- The paper proposes a standardized preprocessing method that prevents data leakage and reduces biases in predictive process monitoring datasets.
- It demonstrates that strict temporal splitting and debiasing techniques lead to significant improvements in model predictive accuracy.
- The study emphasizes the need for publicly available, unbiased benchmark datasets to ensure fair comparisons in process mining research.
Creating Unbiased Public Benchmark Datasets with Data Leakage Prevention for Predictive Process Monitoring
The paper focuses on improving the methodology for constructing benchmark datasets in the field of predictive process monitoring (PPM). It identifies critical issues in existing datasets, such as data leakage and biases, which hinder scientific progress and reproducibility. The authors propose a principled approach to dataset preprocessing to standardize and improve the validity of comparisons among various predictive models.
Introduction to Predictive Process Monitoring
Predictive process monitoring is a sub-field of process mining that utilizes event logs to predict future events, outcomes, and remaining execution times of processes. Despite the rise in interest and research in this area, there are substantial inconsistencies in the preprocessing of datasets. These inconsistencies arise due to different dataset selection and splitting methods, often exacerbated by undocumented domain knowledge, leading to challenges in reproducibility and fair comparison of models.
Major Obstacles in Fair Benchmarking
Dataset Diversification and Preprocessing Biases
The use of diverse datasets and preprocessing techniques complicates the comparison of predictive models. Additionally, some preprocessing methods introduce biases related to case durations and running processes, especially at the chronological extremes of datasets. These biases lead to skewed model performances and unreliable predictions.
Data Leakage
Data leakage is a significant obstacle in temporal splitting methods currently employed, where training and test datasets are not properly isolated. This affects the predictive performance due to the inadvertent sharing of data between training and testing phases.
Lack of Standardized Benchmarks
The absence of standardized benchmarks in PPM equivalent to those in other AI domains (like MNIST for image processing) impedes progress. The creation of unbiased and publicly accessible benchmark datasets is crucial for advancing the field.
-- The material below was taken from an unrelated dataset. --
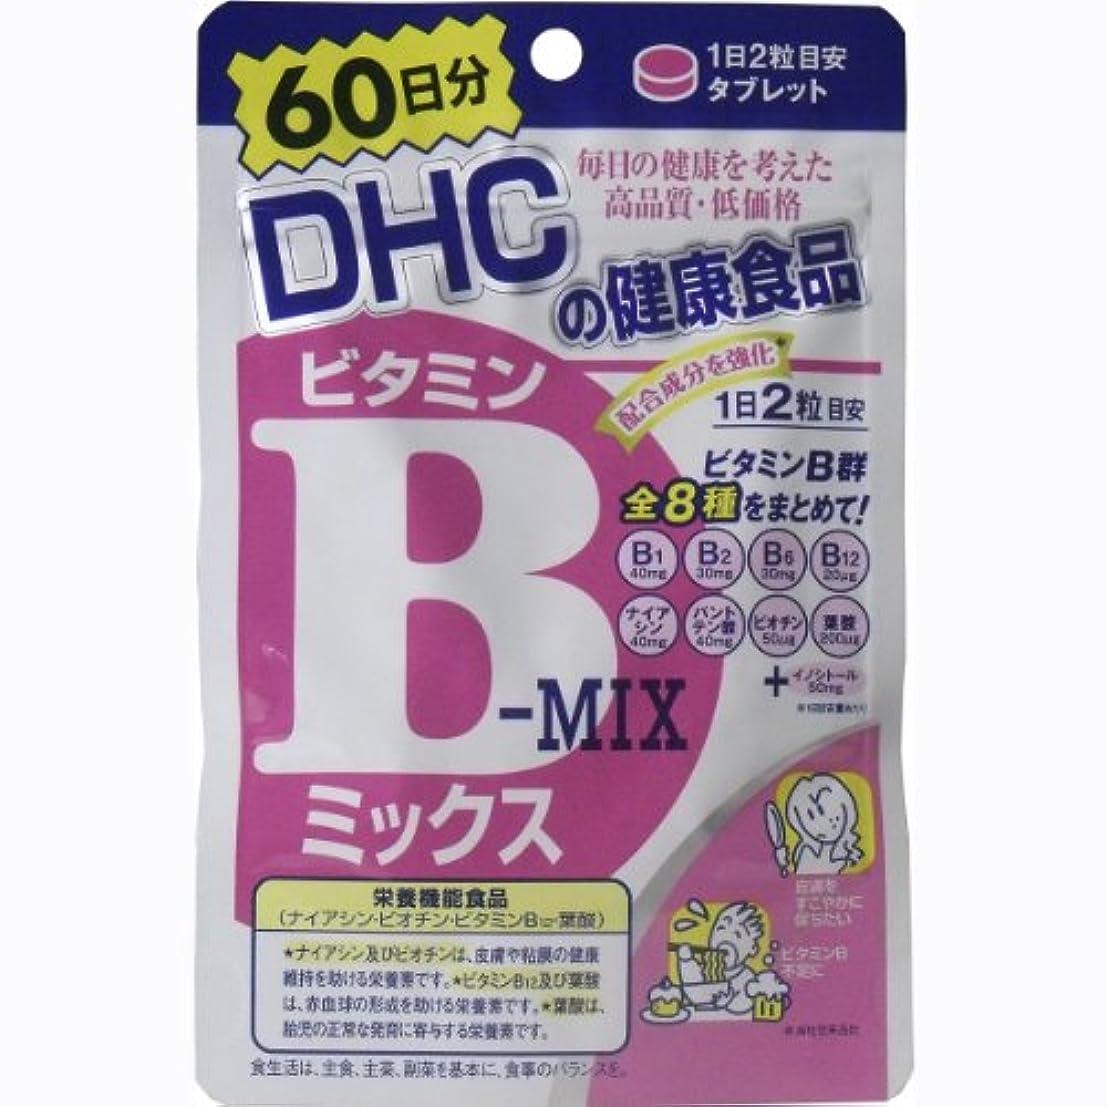 マイナスに同意する損失DHC ビタミンBミックス 120粒 60日分 ×10個セット

Proposed Method for Benchmark Dataset Construction
Principled Approach
The authors suggest a standard preprocessing method to establish unbiased benchmark datasets. They advocate for the isolation of test sets using strict temporal splitting to prevent data leakage and ensure an unbiased evaluation environment.
Debiasing Techniques
The paper outlines techniques to remove chronological outliers and balance case durations and running cases within datasets. Figure 1 illustrates the presence of remote outliers, while Figure 2 highlights biases at dataset ends.
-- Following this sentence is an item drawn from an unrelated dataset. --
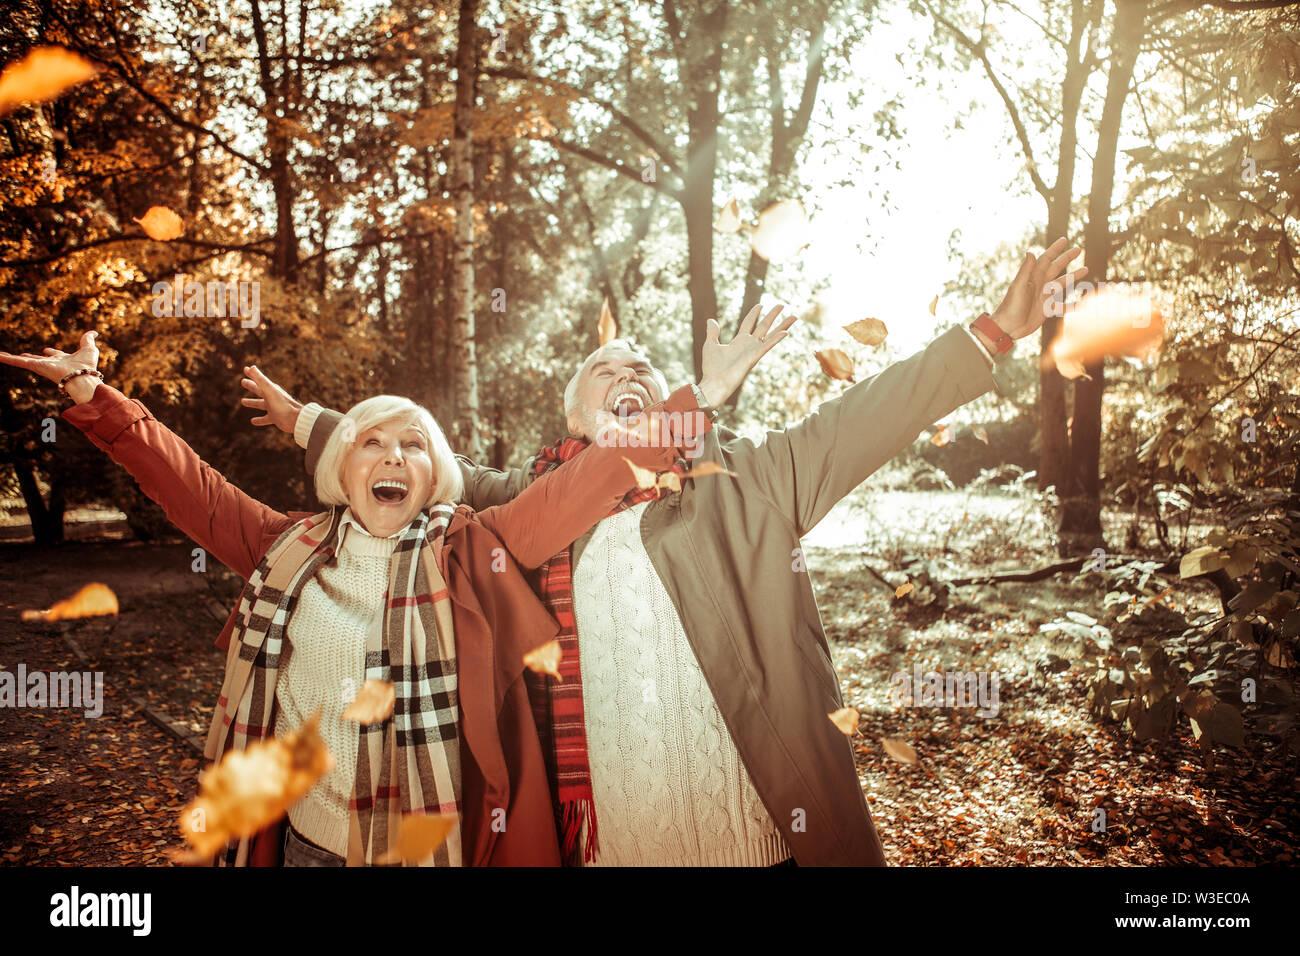 Cheerful couple marié d'être excité à l'automne. Photo Stock

Figure 1: BPIC_2015 contains remote, faulty outliers at the beginning of the dataset.
Figure 2: Grey bars represent test set events (20\%). Green bars are events in training set cases ending before the separation time (strict temporal splitting), red ones belong to cases ending after that separation time (regular temporal splitting). As debiasing was not done to retain sufficient samples, the bias at the datasets' ends is clearly visible.
Training and Testing Set Configuration
By implementing a strict temporal splitting strategy, the paper suggests a configuration where training sets consist only of completed cases before a certain separation time, ensuring no overlap with test cases.
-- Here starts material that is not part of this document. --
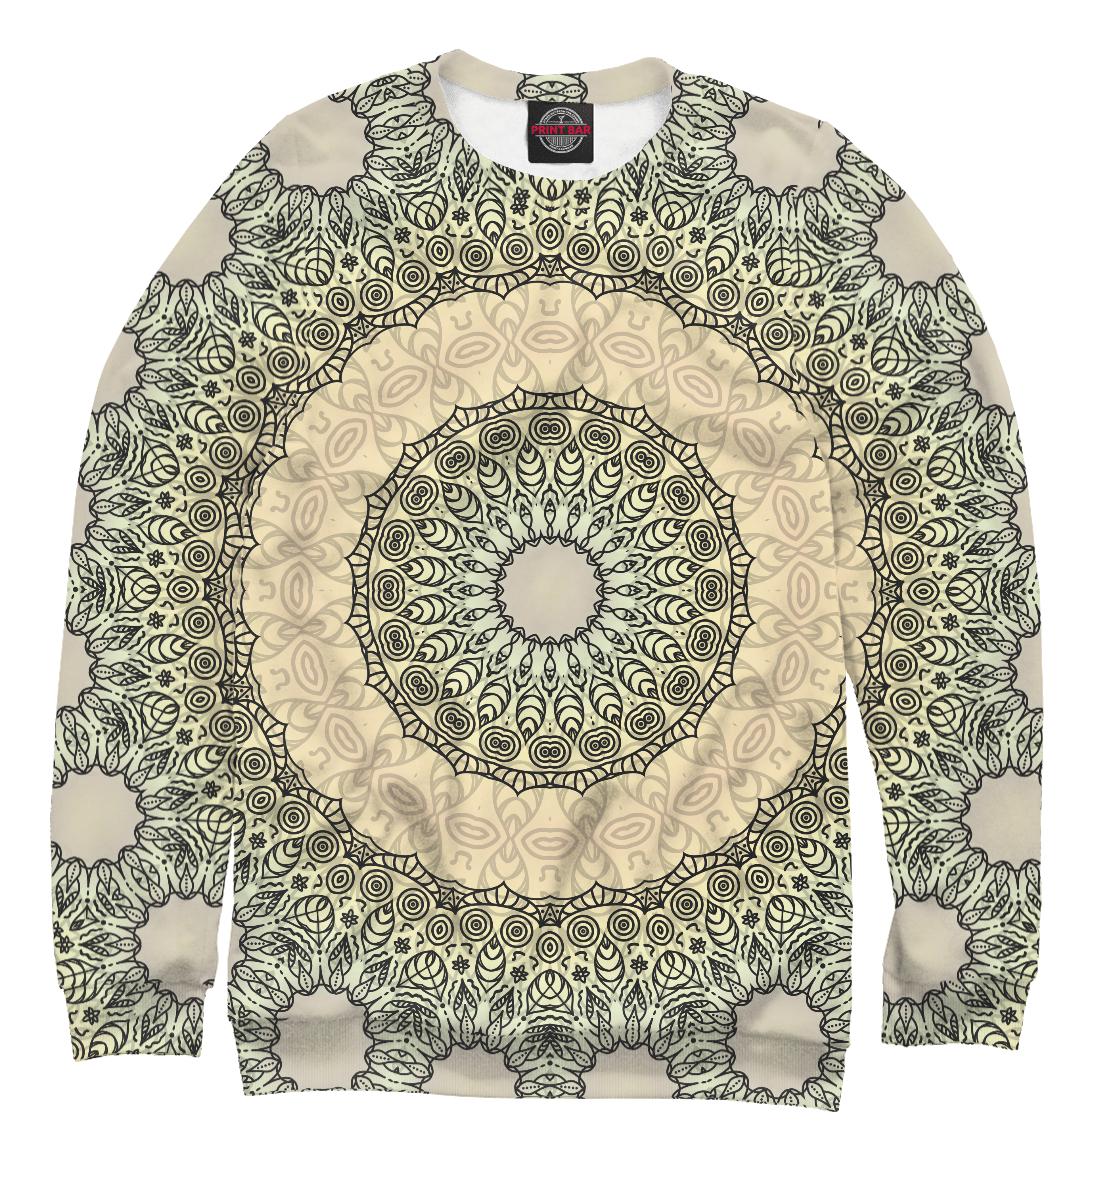 Купить Mandala, Printbar, Свитшоты, PSY-323179-swi-1

The authors evaluated their preprocessing approach using convolutional neural networks (CNNs) to predict remaining times across various datasets. The results indicate that preprocessing choices significantly affect predictive accuracy, as shown in Figure 3.
Figure 3: Prediction results (MAE) vary significantly in function of the chosen training and test data sets.
The implementation of proposed preprocessing steps improved model performance by reducing biases and preventing data leakage. Additionally, removing extremely long cases helped maintain dataset integrity and usability.
Conclusion
This paper identifies crucial challenges within predictive process monitoring related to dataset preprocessing and highlights the need for unbiased benchmarks. By offering specific preprocessing recommendations and making datasets publicly available, the authors aim to streamline research efforts, enable fair comparisons, and accelerate progress in PPM. Future work includes applying these methodologies to new datasets and exploring how the proposed benchmarks influence the development of next-generation predictive models.